### What is being asked:
Would you return the complete listing below word for word?

### Source information:

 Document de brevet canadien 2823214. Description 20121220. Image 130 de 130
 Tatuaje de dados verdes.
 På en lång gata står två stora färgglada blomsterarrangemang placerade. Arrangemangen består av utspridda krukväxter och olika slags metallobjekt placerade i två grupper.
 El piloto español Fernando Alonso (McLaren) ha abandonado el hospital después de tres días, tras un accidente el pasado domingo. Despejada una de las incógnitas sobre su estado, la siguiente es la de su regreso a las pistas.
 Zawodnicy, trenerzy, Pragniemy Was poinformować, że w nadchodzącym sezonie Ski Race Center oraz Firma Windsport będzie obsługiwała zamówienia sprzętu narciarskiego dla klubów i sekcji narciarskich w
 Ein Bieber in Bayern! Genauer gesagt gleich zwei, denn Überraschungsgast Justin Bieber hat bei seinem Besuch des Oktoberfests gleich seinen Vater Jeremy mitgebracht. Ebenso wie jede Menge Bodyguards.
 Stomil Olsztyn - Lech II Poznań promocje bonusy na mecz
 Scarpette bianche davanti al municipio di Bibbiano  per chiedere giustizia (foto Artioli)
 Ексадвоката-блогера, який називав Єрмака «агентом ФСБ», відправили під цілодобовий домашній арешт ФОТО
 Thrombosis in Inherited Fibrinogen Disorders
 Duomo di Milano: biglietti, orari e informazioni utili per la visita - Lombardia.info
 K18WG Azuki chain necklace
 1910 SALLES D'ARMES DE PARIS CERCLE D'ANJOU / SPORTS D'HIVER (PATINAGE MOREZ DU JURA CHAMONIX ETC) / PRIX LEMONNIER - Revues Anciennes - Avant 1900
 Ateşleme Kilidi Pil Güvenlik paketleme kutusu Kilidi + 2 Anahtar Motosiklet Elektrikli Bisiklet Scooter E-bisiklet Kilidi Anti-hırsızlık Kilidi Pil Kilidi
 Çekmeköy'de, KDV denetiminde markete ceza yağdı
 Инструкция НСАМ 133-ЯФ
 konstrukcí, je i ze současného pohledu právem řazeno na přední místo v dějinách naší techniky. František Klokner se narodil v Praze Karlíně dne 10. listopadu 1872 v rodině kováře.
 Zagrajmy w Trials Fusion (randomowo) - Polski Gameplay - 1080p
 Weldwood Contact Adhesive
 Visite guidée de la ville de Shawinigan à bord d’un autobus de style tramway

### Answer:
 Document de brevet canadien 2823214. Description 20121220. Image 130 de 130
 Tatuaje de dados verdes.
 På en lång gata står två stora färgglada blomsterarrangemang placerade. Arrangemangen består av utspridda krukväxter och olika slags metallobjekt placerade i två grupper.
 El piloto español Fernando Alonso (McLaren) ha abandonado el hospital después de tres días, tras un accidente el pasado domingo. Despejada una de las incógnitas sobre su estado, la siguiente es la de su regreso a las pistas.
 Zawodnicy, trenerzy, Pragniemy Was poinformować, że w nadchodzącym sezonie Ski Race Center oraz Firma Windsport będzie obsługiwała zamówienia sprzętu narciarskiego dla klubów i sekcji narciarskich w
 Ein Bieber in Bayern! Genauer gesagt gleich zwei, denn Überraschungsgast Justin Bieber hat bei seinem Besuch des Oktoberfests gleich seinen Vater Jeremy mitgebracht. Ebenso wie jede Menge Bodyguards.
 Stomil Olsztyn - Lech II Poznań promocje bonusy na mecz
 Scarpette bianche davanti al municipio di Bibbiano  per chiedere giustizia (foto Artioli)
 Ексадвоката-блогера, який називав Єрмака «агентом ФСБ», відправили під цілодобовий домашній арешт ФОТО
 Thrombosis in Inherited Fibrinogen Disorders
 Duomo di Milano: biglietti, orari e informazioni utili per la visita - Lombardia.info
 K18WG Azuki chain necklace
 1910 SALLES D'ARMES DE PARIS CERCLE D'ANJOU / SPORTS D'HIVER (PATINAGE MOREZ DU JURA CHAMONIX ETC) / PRIX LEMONNIER - Revues Anciennes - Avant 1900
 Ateşleme Kilidi Pil Güvenlik paketleme kutusu Kilidi + 2 Anahtar Motosiklet Elektrikli Bisiklet Scooter E-bisiklet Kilidi Anti-hırsızlık Kilidi Pil Kilidi
 Çekmeköy'de, KDV denetiminde markete ceza yağdı
 Инструкция НСАМ 133-ЯФ
 konstrukcí, je i ze současného pohledu právem řazeno na přední místo v dějinách naší techniky. František Klokner se narodil v Praze Karlíně dne 10. listopadu 1872 v rodině kováře.
 Zagrajmy w Trials Fusion (randomowo) - Polski Gameplay - 1080p
 Weldwood Contact Adhesive
 Visite guidée de la ville de Shawinigan à bord d’un autobus de style tramway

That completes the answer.